Неприятно? Конечно. Ей, Свете Михеевой, хорошо бы любовь. А еще лучше – страсть! Пусть отвлечется от своего промысла – битвы за справедливость. По салонам красоты побегает, лицом займется, руками, костюмчик купит новый, женственный, туфельки, походку изменит, выражение лица… Что значит – не получится?! Что значит?! Ты же всемогущий! В тебя же все дети верят, ты что?! Все дети и я. Конечно, это не конфеты на утренниках раздавать или зайцев полоумных розовых. Конечно! Ты думай. Времени мало. Пропадет ведь Михеева…

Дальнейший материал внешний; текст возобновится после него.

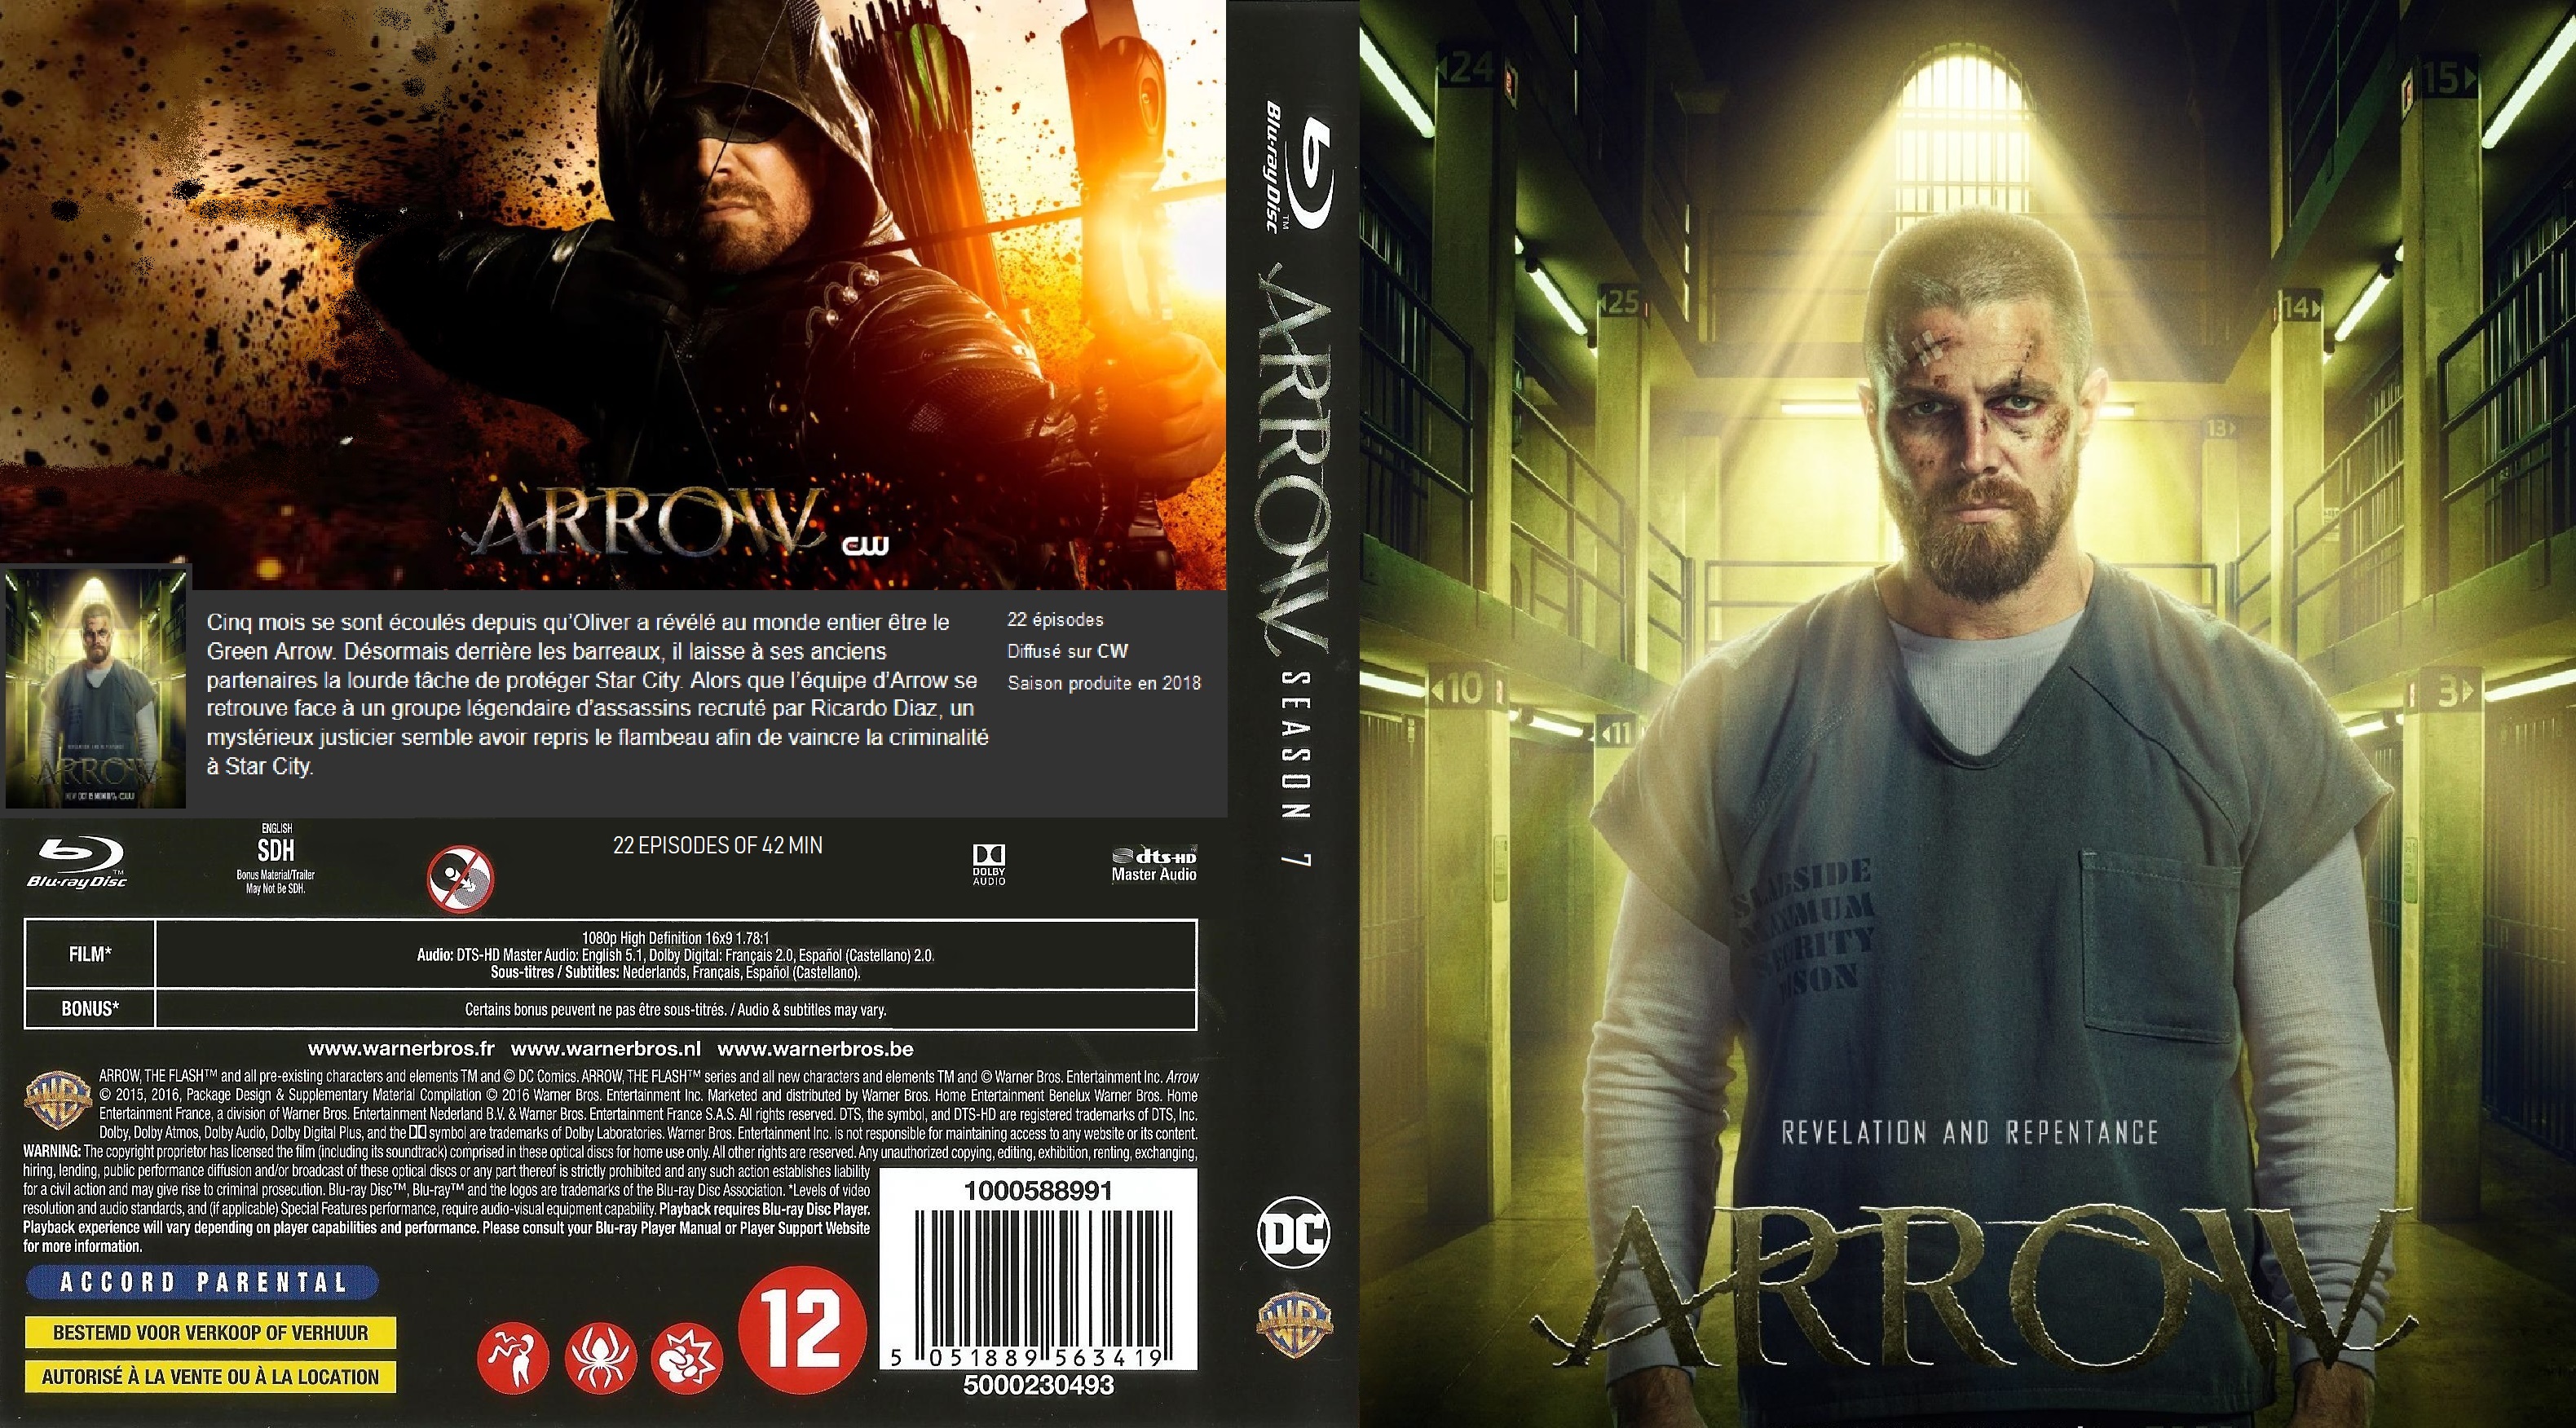 Jaquette DVD Arrow saison 7 custom (BLU-RAY)

Теперь Левушка. Вот тут хорошо бы посуетиться. Понимаешь, у Левы такой бизнес и такая общественная деятельность, что ему обязательно нужен телохранитель. Нет, у него есть, конечно, помощник Володя. И машину лихо водит, и черный пояс у него по драке, и горнолыжник, и компьютер, и связи наладить. Но интеллигентный он очень, утонченный. А Левик уже ночами плохо спит, во сне убегает, прячется, отстреливается. Слышь, Дедушка: отстреливается с его зрением минус 13 в очках! Так нельзя ли Леве в телохранители казака? Настоящего, чтоб в папахе, с саблей и усами. И чтоб каждое утро, когда Левка выходит из дому, этот Васыль ему навстречу, браво печатая шаг, в красных сапогах, с рапортом: «Панэ голова еврэйського товарыства! Куринной атаман Васыль Дерыхвист, бэспощадный и прэданный нашому делу, за вашим наказом прыбув!»

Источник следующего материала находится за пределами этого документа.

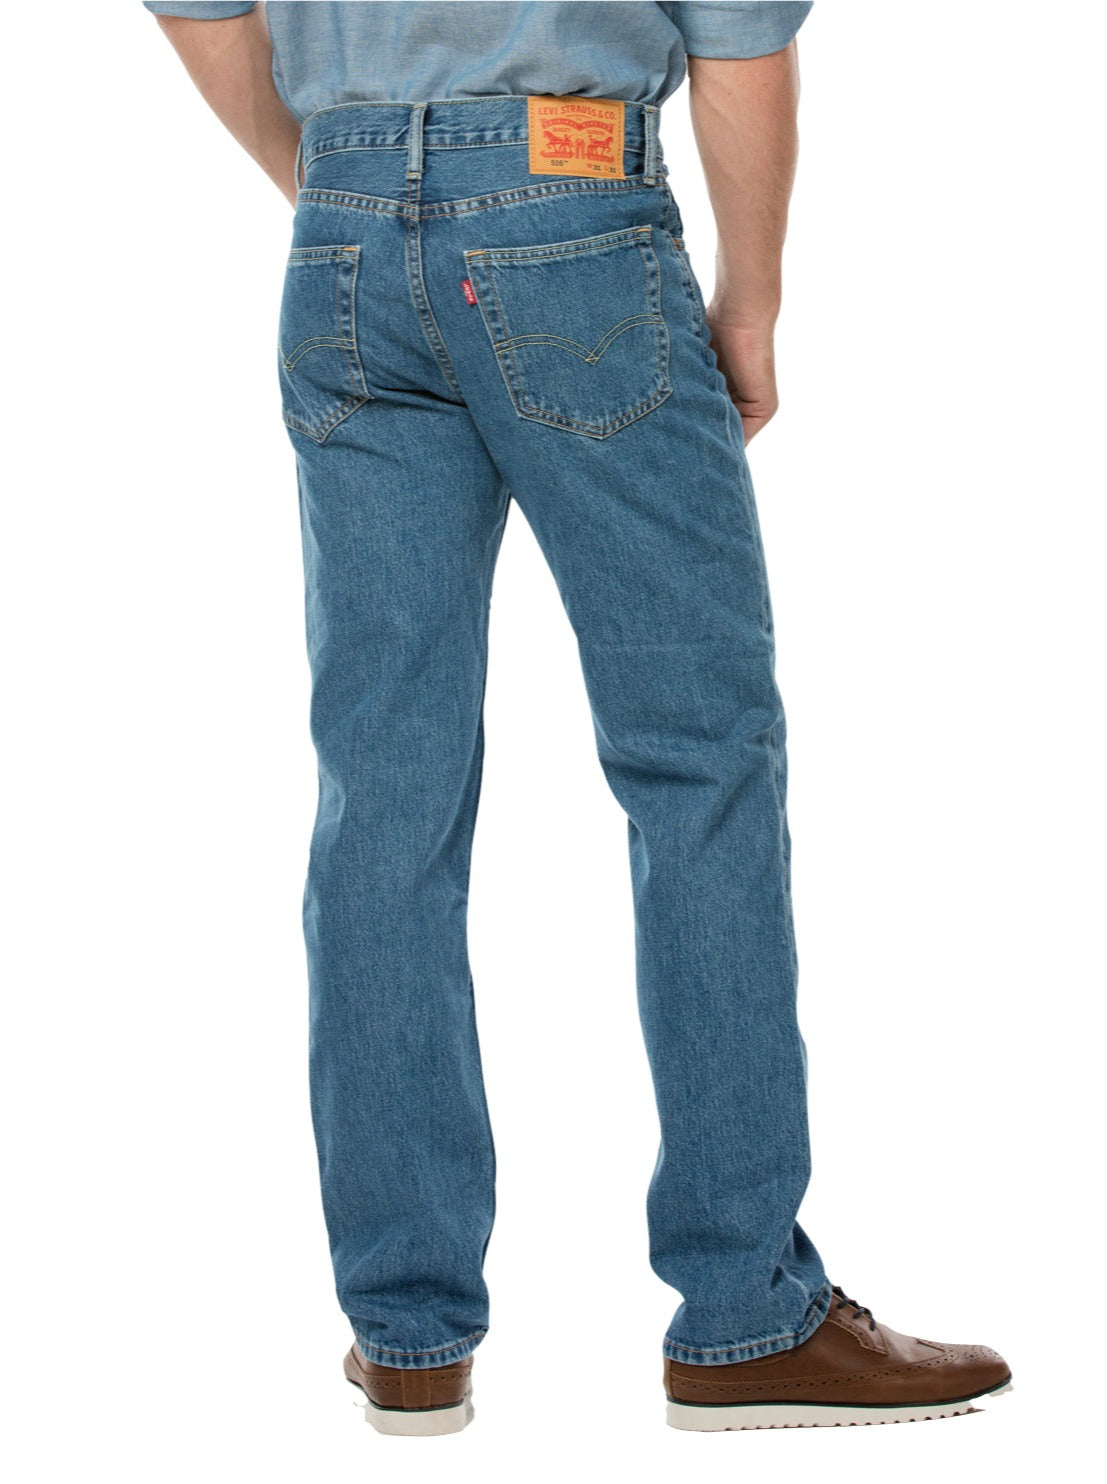 Levi's 516 Straight – 88 Jeans

Собственно, для Левы – все. Постараешься?
Ну и теперь коротко о друзьях любимых.
Ларисе и Пете – внука: маленького-душистого-толстого, пожалуйста.
Мише – автомобиль: Миша ученый, ему ездить далеко, и все вдохновение на борьбу с транспортом уходит.
Наташке – красное платье. И бочонок пива… Два.
Соне – большой, теплый, мягкий, уютный свитер. И билет в Краков.
Артуру – «Гибсон», гитару акустическую. И «Детский альбом» Чайковского. Ноты. Чтоб за год выучил все. Особенно «Болезнь куклы». Ты придешь, проверишь.
Славе – тур куда-нибудь. В Японию, Непал, Караганду, Сыктывкар, Индию, куда-нибудь, – он у нас странник. И новый фибровый чемодан, а то старый уже старый.
Тане – пиши: че-ре-вич-ки. Как у царицы чтоб.
Еще одному Мише – попонку для Берримоши. Это собака, Берримор. Ему холодно зимой. Только длинную попонку. Он – такса.
Мальчику Валерику – коньки. Снегурки. Он будет рад. Но чтоб с ботинками. Записал?
Всем-всем друзьям – вот список друзей – книги. Довлатова, Иртеньева, Жванецкого, Лескова, Зощенко, Бродского, Хармса… Вот список книг.
Мне?.. А что мне…
Мне – август. На озере в горах.
Чтоб тихо-тихо. И мой старый пес чтоб вошел в воду, побродил по мелкоте – шлеп-шлеп – остановился, рассмотрел свое отражение в воде и стал бы его лакать: плям-плям-плям… И чтобы медленно-медленно первый желтый лист упал на водную гладь. Сидеть и смотреть на все это. Просто сидеть и смотреть. Сидеть и смотреть…
Прощай, душа моя, Манюня!
Манюня очень любила Пушкина. И мужа Фиму. Но разною любовью.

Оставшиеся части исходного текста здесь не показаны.